異形フェアリーどもは迂回してくるはずだ」


 これは当然の戦い方だ。

 異形フェアリーどもは基本的にアホで、動物的な行動しかとれないが、やつらを支配する魔王は違う。

 確かな知性があるし、戦術的に動く。


(もし、俺が魔王側だったら――)

 渡河地点を抑えられて、正面突破では損害が大きすぎる。

 そういう場合、上流か下流の渡河地点へ迂回を考えるべきだ。別動隊を組織してそっち側に送る。普通はそういうことをする。

 そして、聖騎士団にそれを抑える別動隊の戦力はない。

 そもそもやつらはもう少し北部の戦線から撤退してきたのだ。よく持ちこたえているが、万全の状態であるはずもない。


 そんな状態で戦おうとするなよ、とは言いたい。

 向こうの事情はわからない――貴族からなんらかの圧力があったか、指揮官がうちのベネティム並みにアホなのか。
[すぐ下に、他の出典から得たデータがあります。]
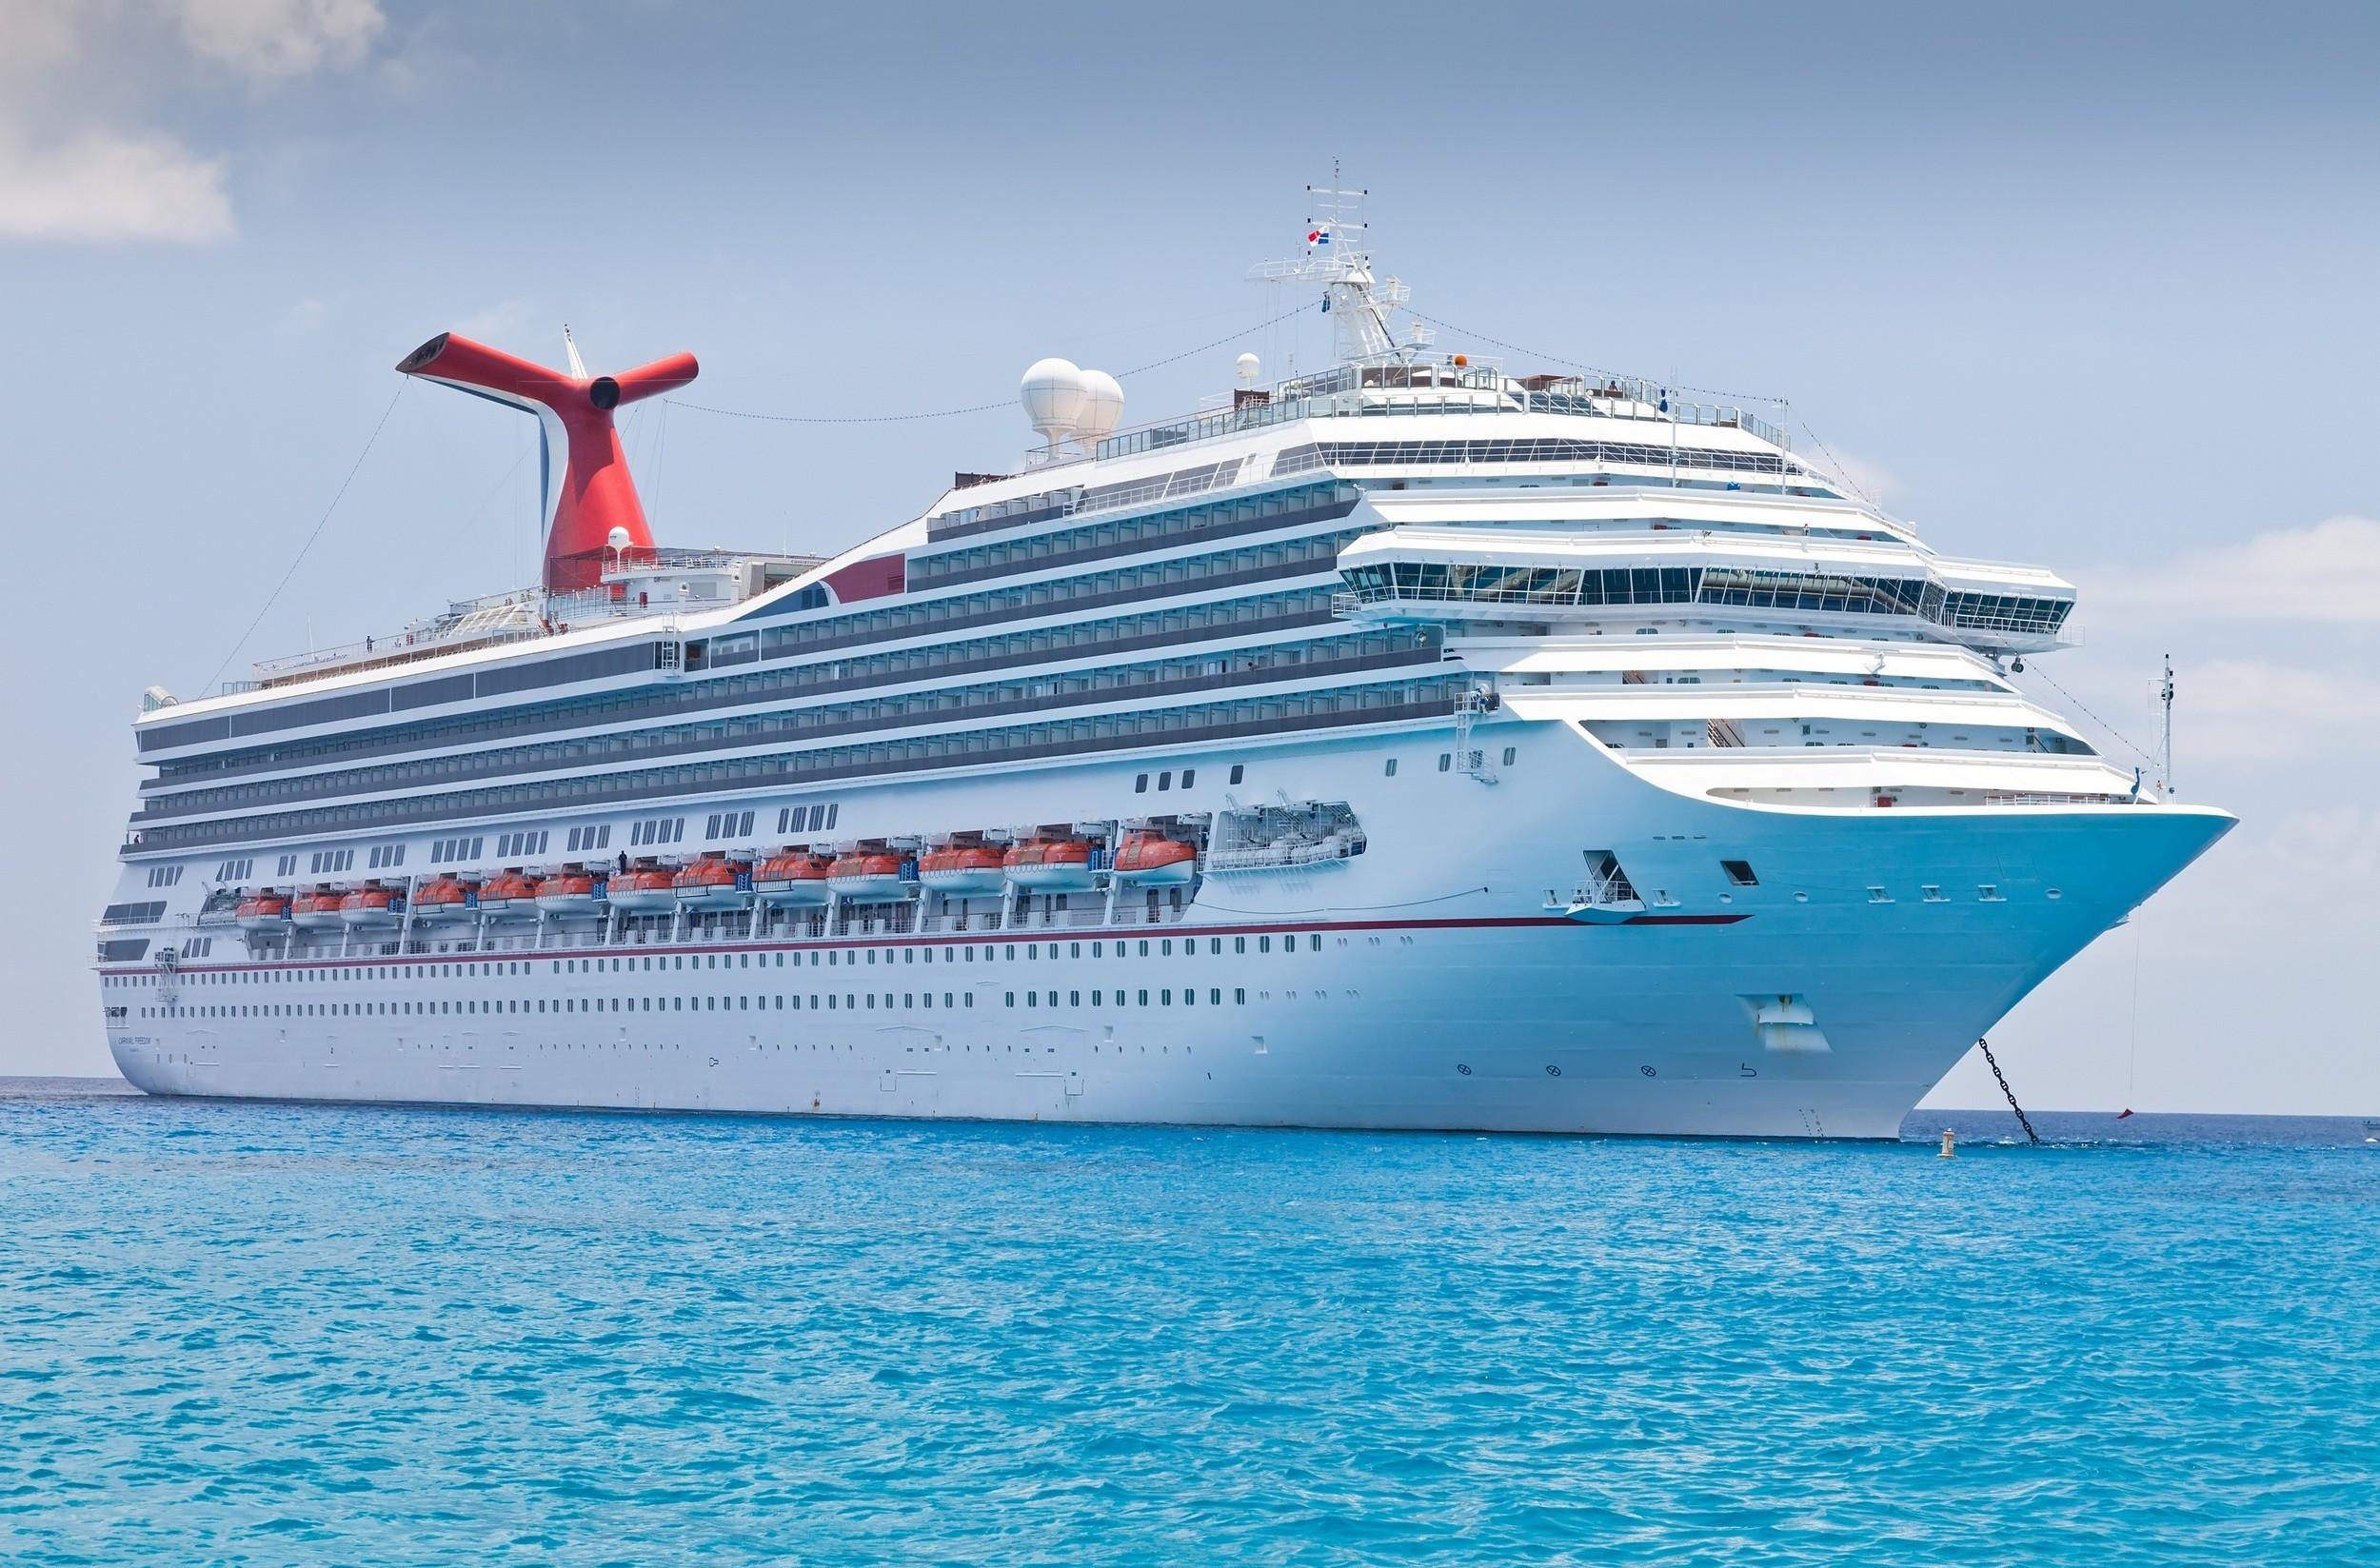 cruise ship wallpaper background - photo #15

 それとも懲罰勇者どもが撤退を支援するという話がまったく信じられなかったか。

(その可能性はあるな)


 笑えてくる話だ。

 たしかに俺たちはクズの集まりだし、肝心なところで逃げたり、作戦を放棄したりするかもしれない。

 一人で勝手に笑って、俺は背後を振り返る。


「それじゃ、ドッタ――」

 名前を呼んだとき、気づいた。

 まさか、と思う。この流れで、そういうことをするか? 正気か?

「テオリッタ。あいつは?」


「え? あら……?」

 テオリッタも驚いたように周囲を見回す。

 姿がない。とんでもないやつだ。このタイミングで逃げるとは――いや、いつものことだ。それにしてもすさまじい逃げ足の速さ。感心するしかない。


 それに何より、地面には布切れが一枚落ちている。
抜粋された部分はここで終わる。